Following the recent “Black Friday” sales, sales data from the United States showed that the amount being spent on online purchases continues to increase each year with an increase in online sales of over 20% in the current year while sales at stores actually decreased from the previous year as more consumers take advantage of the convenience of shopping online.

In recent years many major retailers in South Africa have adopted the “Black Friday” and “Cyber Monday” sales in an effort to increase sales and market share by tapping into the online market.

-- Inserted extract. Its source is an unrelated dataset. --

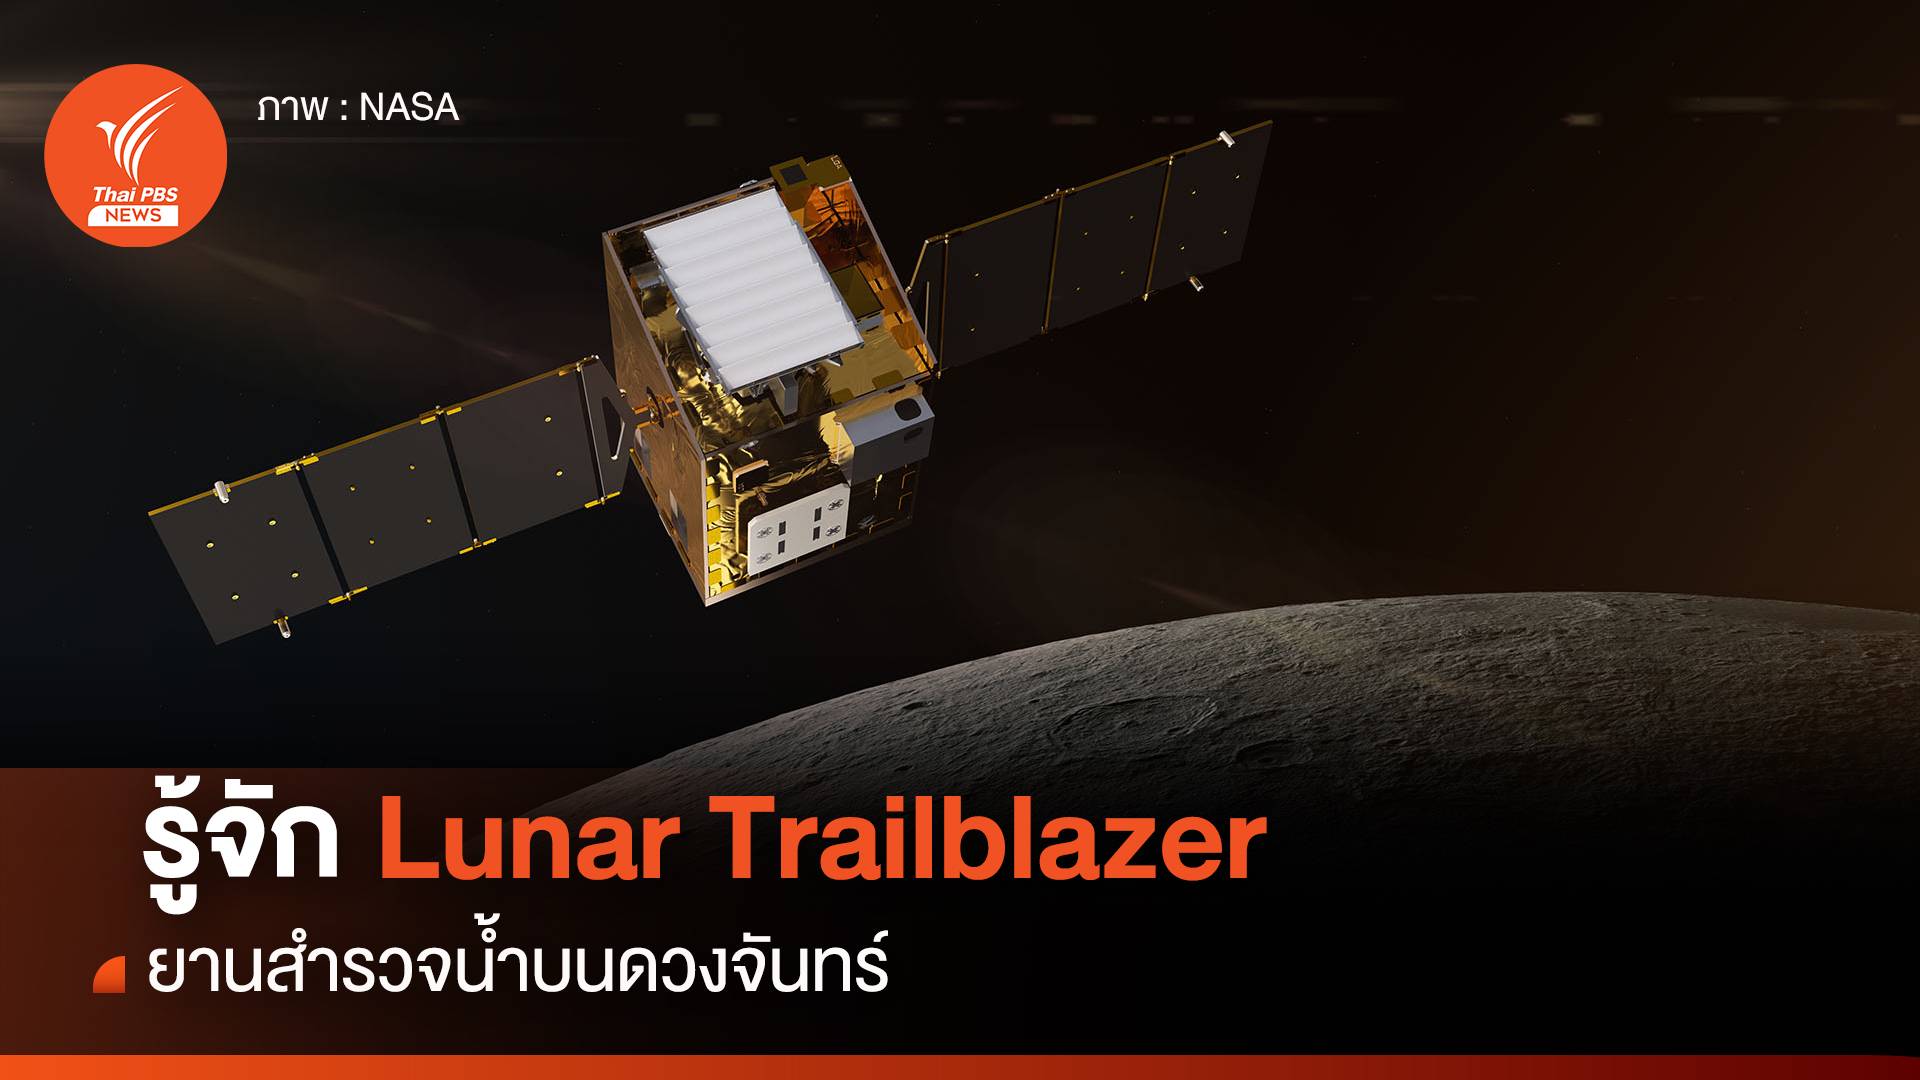 รู้จัก Lunar Trailblazer ยานสำรวจน้ำบนดวงจันทร์

It is becoming increasingly important for businesses to create and maintain their own websites in order to compete for market share as well as promote their own businesses and products. However determining which costs can be capitalised and which costs should be expensed can be complicated without a proper understanding of IAS 38 – Intangible assets.

In order for a business to capitalise the costs associated with developing a website the requirements of both IAS 38 – Intangible assets and SIC- 32 – Intangible AssetsWebsite costs have to be met.

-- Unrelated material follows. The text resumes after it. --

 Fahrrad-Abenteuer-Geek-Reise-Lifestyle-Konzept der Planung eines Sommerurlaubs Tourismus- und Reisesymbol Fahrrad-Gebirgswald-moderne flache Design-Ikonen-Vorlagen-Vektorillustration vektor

There are three critical attributes that have to be met for any website to meet the definition of an intangible asset as required by IAS 38:

  • Identifiability – An asset is identifiable if it can be sold or transferred as a separate asset or if it arises from a contractual or legal right such as the registration of the domain name for the website
  • Control – An entity has control over a website if it has the ability to obtain benefits from the asset
  • Future economic benefits – Increased revenue or cost savings generated from the use of the website

Along with these requirements the recognition criteria of IAS 38.21 have to be met in order to recognise an intangible asset for a website:

  • It is probable that the future economic benefits that are attributable to the website will flow to the entity; and
  • The cost of the website can be measured reliably.

SIC- 32 - Intangible Assets was drafted to specifically deal with the proper accounting treatment related to the costs associated with the development of a website. SIC-32 identifies the following of website development:

  • Planning – The planning stage is similar in nature to the research phase in IAS 38.54-.56. Expenditure incurred in this stage should be recognised as an expense when it is incurred.
  • Application and infrastructure development, Graphical design development and Content   development - Expenditure incurred in these stages should be included in the capitalised cost of a website if it directly relates to preparing the website for its intended use, these include costs such as employee costs, design costs, license fees and the purchase of content for the website.
  • Operation - The operating stage begins once development of a website is complete and it is ready for its intended use. Expenditure incurred in this stage should be recognised as an   expense when it is incurred. Expenditure relating to the advertising and promotion of an entity’s own products should be recognised as an expense when it is incurred.

As the popularity of online shopping continues to grow so do the opportunities for businesses to expand into both local and foreign markets. If your business is not already making use of a website to promote itself you should consider whether developing a website can add value to your business.